_SOURCE DATA_
*-*-*

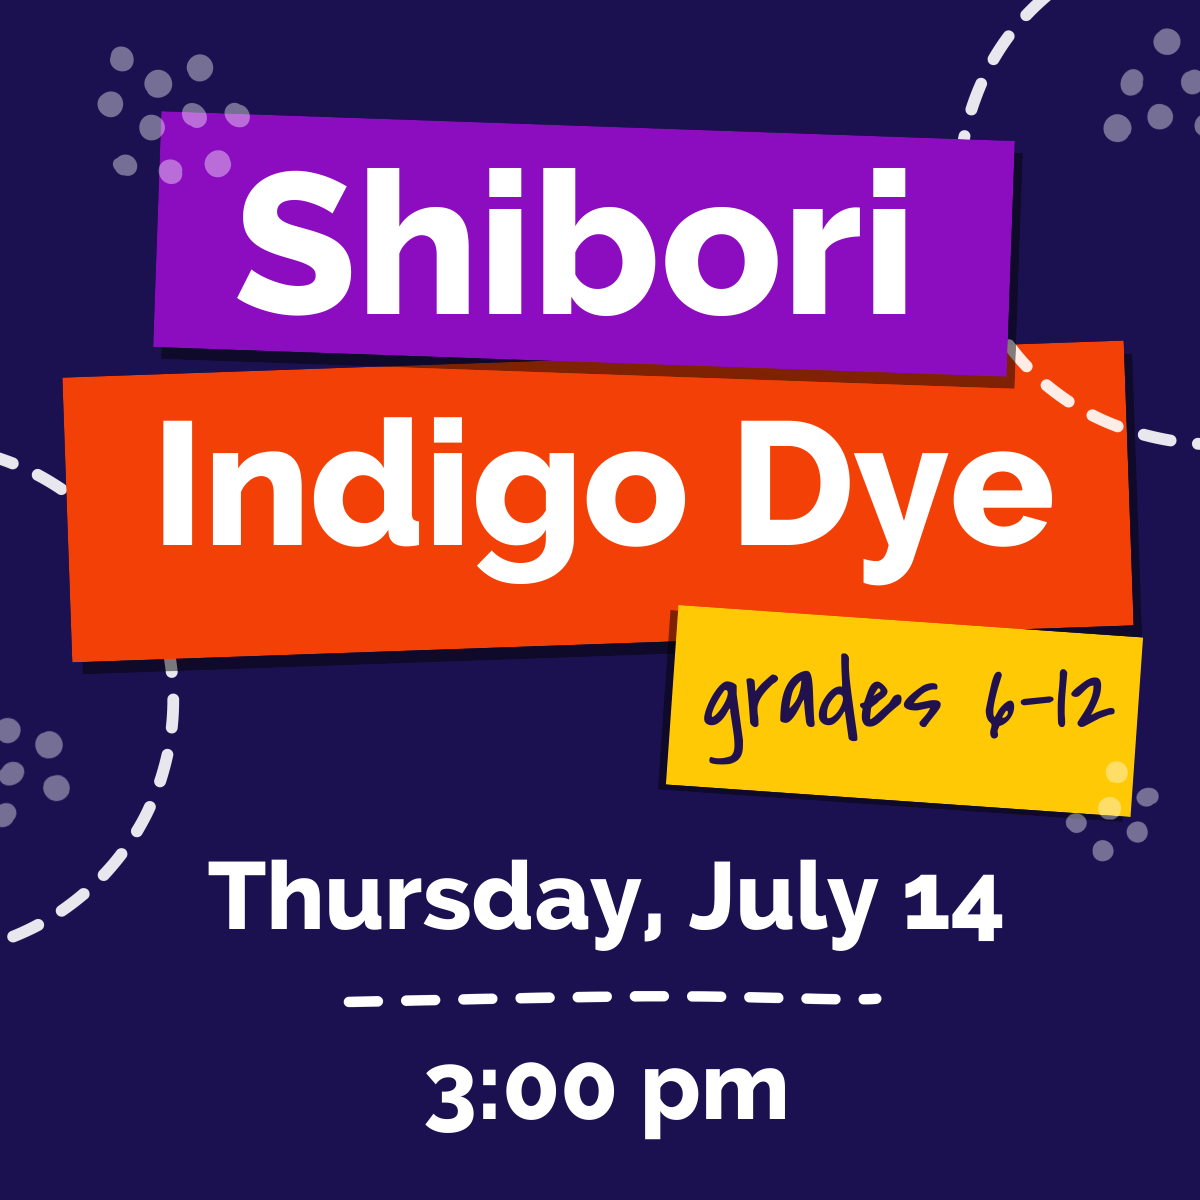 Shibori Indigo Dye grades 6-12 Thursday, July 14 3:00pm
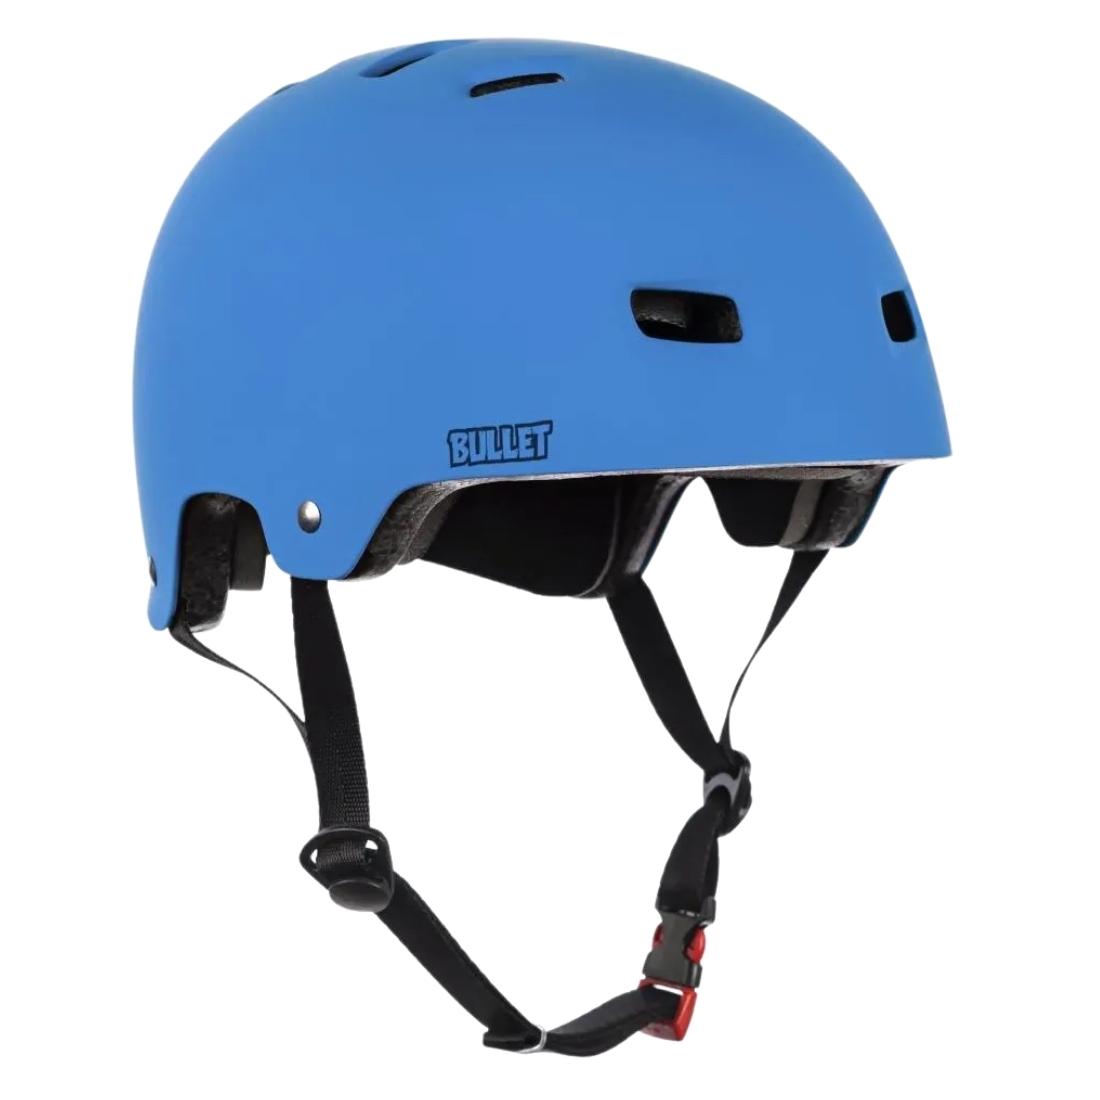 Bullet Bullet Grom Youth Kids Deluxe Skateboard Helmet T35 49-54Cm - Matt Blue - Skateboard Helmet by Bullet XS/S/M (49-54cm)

*-*-*

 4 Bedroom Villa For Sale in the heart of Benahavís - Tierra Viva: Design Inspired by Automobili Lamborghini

*-*-*

_WHAT THE TASK REQUIRES_
Beginning with the line holding "Shibori Indigo Dye" in the material above, restate word for word each line through the line holding "Bullet Bullet Grom", and exclude pictures.

_TASK SOLUTION_
 Shibori Indigo Dye grades 6-12 Thursday, July 14 3:00pm
 Bullet Bullet Grom Youth Kids Deluxe Skateboard Helmet T35 49-54Cm - Matt Blue - Skateboard Helmet by Bullet XS/S/M (49-54cm)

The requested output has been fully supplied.